Le terme « intégration » est en revanche vigoureusement critiqué par d’autres auteurs (Grenier et al., 2015 ; Le Capitaine, 2013; Ravaud et Stiker, 2000; SHERPA, 2015; Wieviorka, 2008). Certains d’entre eux, tels que Wieviorka, vont même jusqu’à affirmer que le concept d’intégration se trouverait aujourd’hui en crise. Tel que formulé auparavant, il s’agit d’un concept fortement chargé de sens social et politique. En fait, son usage social et politique lui vaudrait aujourd’hui encore d’être dénoncé comme faisant référence à une manière rigide d’imposer une place fixe à l’individu dans la société : « il a été […] dénoncé [par les sociologues] comme caractéristique du point de vue de dominants, imposant leurs normes à des dominés » (Schnapper, 2007, p. 16).

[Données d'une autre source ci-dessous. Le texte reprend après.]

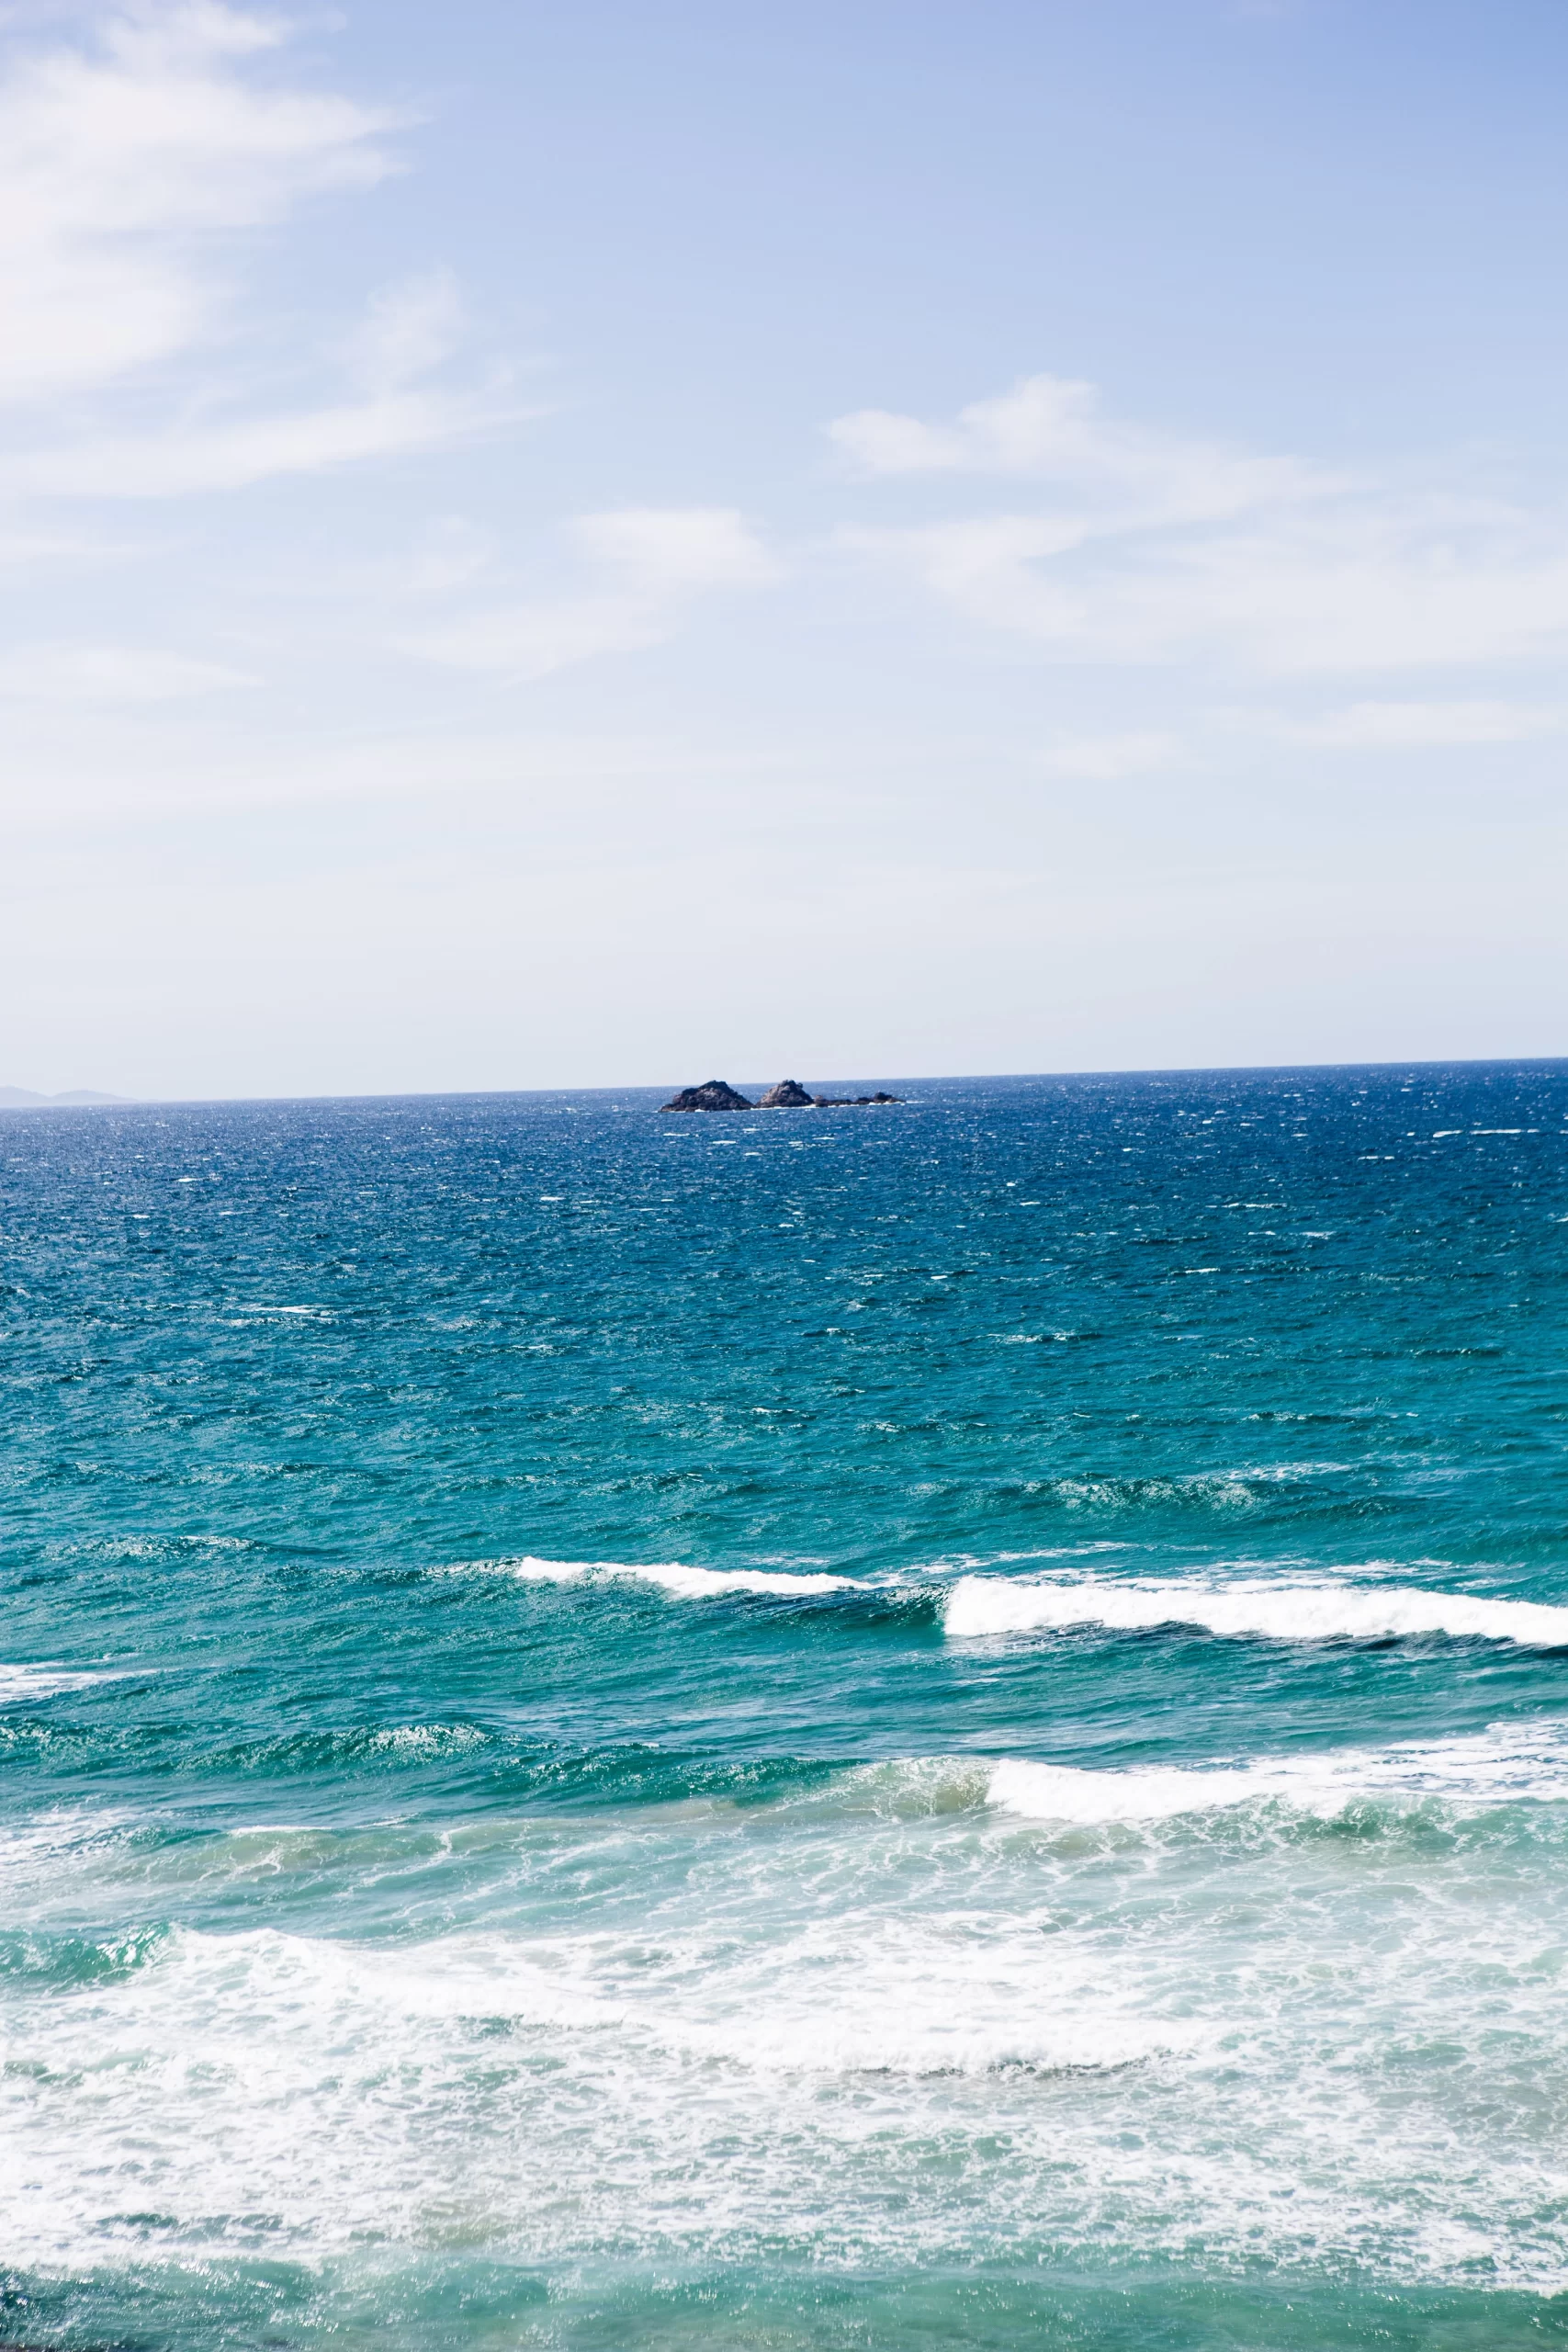 Byron Bay NSW, Australia Published on October 27, 2020 Canon, EOS 5D Mark III Free to use under the Unsplash License

Cependant, d’après Wieviorka (2008), bien plus que son sens politique, c’est la place centrale que lui confère la sociologie classique, qui l’associe à l’image d’une forte correspondance entre la société, l’État et la nation, et le relie au concept de socialisation, qui se trouverait aujourd’hui mise en doute. De fait, comme celui-ci l’expose :

Les concepts de socialisation et d’intégration reposent sur l'idée de processus au cours desquels, progressivement, les individus apprendraient à devenir pleinement maîtres d’eux-mêmes et de leur existence, en même temps que conformes aux exigences du lien social. L’idée de socialisation implique qu’au départ, ceux qui ne sont pas encore socialisés sont des humains incomplets, immatures, imparfaits (Wieviorka, 2008, p. 226).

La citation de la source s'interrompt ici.